Avec sa marque Équilibre CBD, Léa Ruellan veut casser les codes qui collent encore trop, selon elle, au commerce du CBD : « Beaucoup jouent sur l’image du cannabis légal, comme s’ils célébraient la possibilité de vendre enfin une drogue autorisée. Ce n’était vraiment pas mon truc. Au Canada, on trouve à l’inverse une image plus pop, de la bonne humeur, quelque chose de bon pour la santé mais aussi plaisant et récréatif sans caricature. » Après avoir créé sa filière de chanvre en France, Léa Ruellan a l’idée d’adjoindre à ses huiles les vertus d’autres plantes. « Je me suis toujours intéressée à l’herboristerie. J’ai tout de suite eu l’idée d’intégrer des plantes comme le calendula, l’immortelle de Corse, le bleuet des Vosges dans les préparations à base d’huile de cannabidiol pour conjuguer leurs vertus. »
Féminiser le secteur
Léa Ruellan fait macérer dans ses huiles enrichies au CBD des plantes possédant des molécules complémentaires pendant 45 jours. © DR
À côté de l’huile de CBD, qui représente la majorité de sa gamme, Léa Ruellan propose 32 références allant des tisanes aux « gummies » et finalise une nouvelle offre de cosmétiques.

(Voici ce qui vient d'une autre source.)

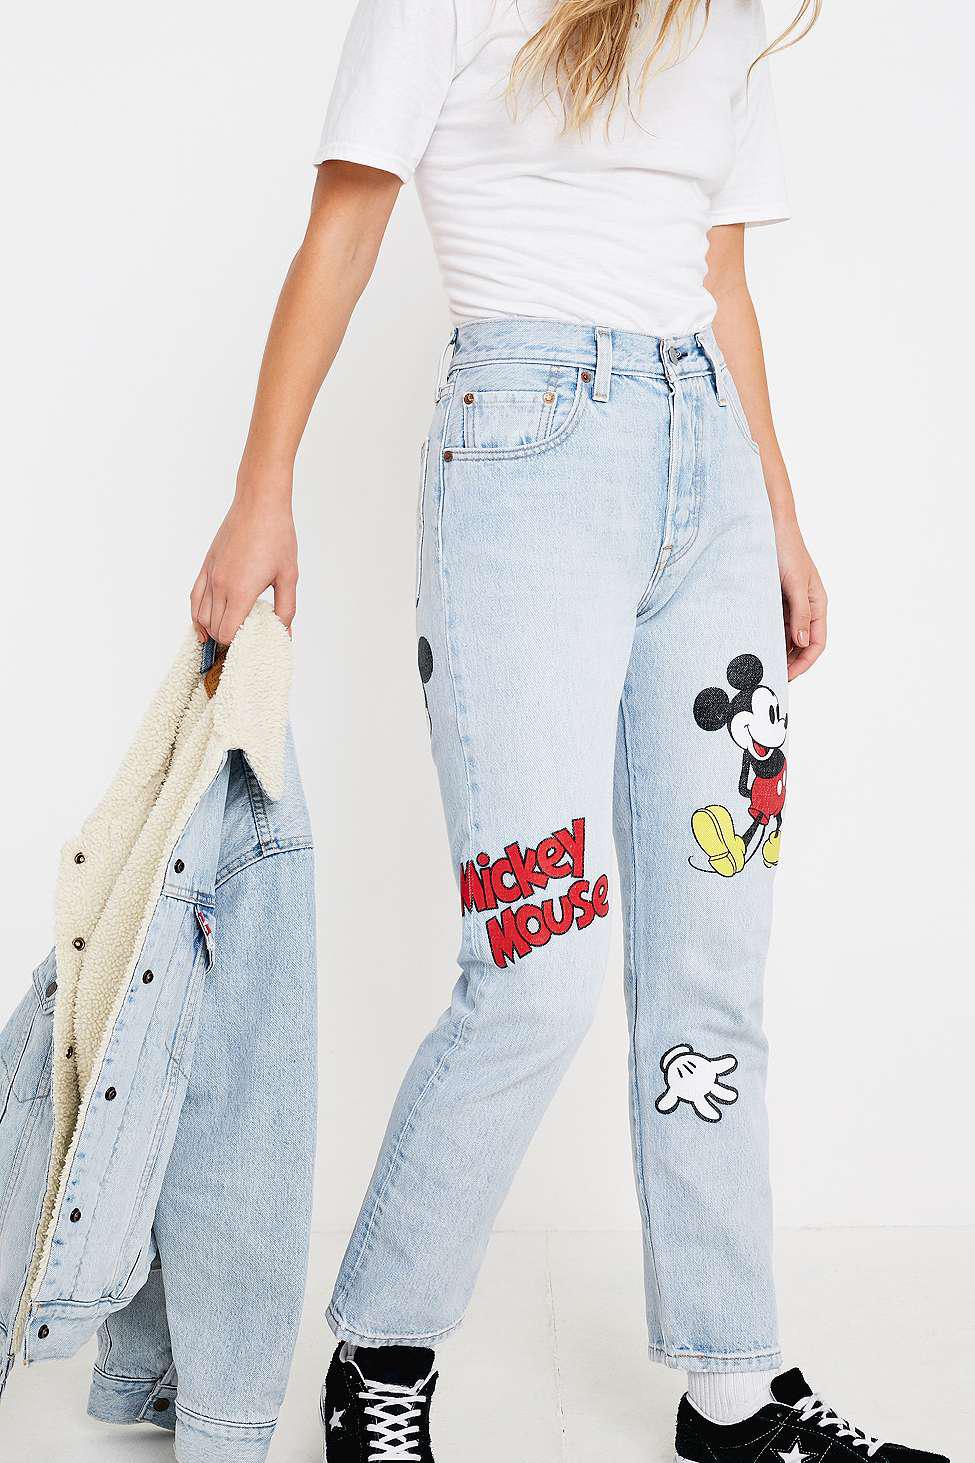 jeans mickey mouse levis, Off 73%, www.scrimaglio.com

Forte d’une première expérience réussie dans la vente en ligne – avec plus de 500 commandes chaque mois – elle a pu ouvrir à Paris une cinquantaine de points de vente dans des lieux prestigieux comme Le Bon Marché, les Galeries Lafayette ou dans le corner bien-être d’une vingtaine de Monoprix en France. En arrivant à Nancy, Léa Ruellan a recruté quatre personnes – en plus des six en free-lance qui développent la marque. Uniquement des femmes, comme les cultivatrices par ailleurs : « J’ai voulu aussi jouer la carte féminine, car en entrant au syndicat du chanvre dont je suis aujourd’hui porte-parole, j’ai découvert un milieu presque exclusivement masculin ! Et pourtant le CBD répond à pas mal de problématiques de bien-être typiquement féminines. »
Aujourd’hui, 80 % des clients d’Équilibre CBD sont des clientes et forment une communauté sur les réseaux de près de 15 000 membres. Pour la suite de son implantation à Nancy, Léa Ruellan cherche des locaux en centre-ville qui pourraient accueillir à la fois ses bureaux et une boutique où elle proposera ses produits très girly. « J’ai commencé les vistes et j’aimerais pouvoir ouvrir en septembre prochain. » Pour appuyer sa démarche de défense du CBD, Léa Ruellan a publié l’an dernier un guide pratique chez Hachette, intitulé CBD, que faire avec ?, dans lequel elle relate l’histoire de cette plante utilisée pour ses vertus curatives depuis le néolithique, et propose des recettes pour le consommer sous toutes ses formes.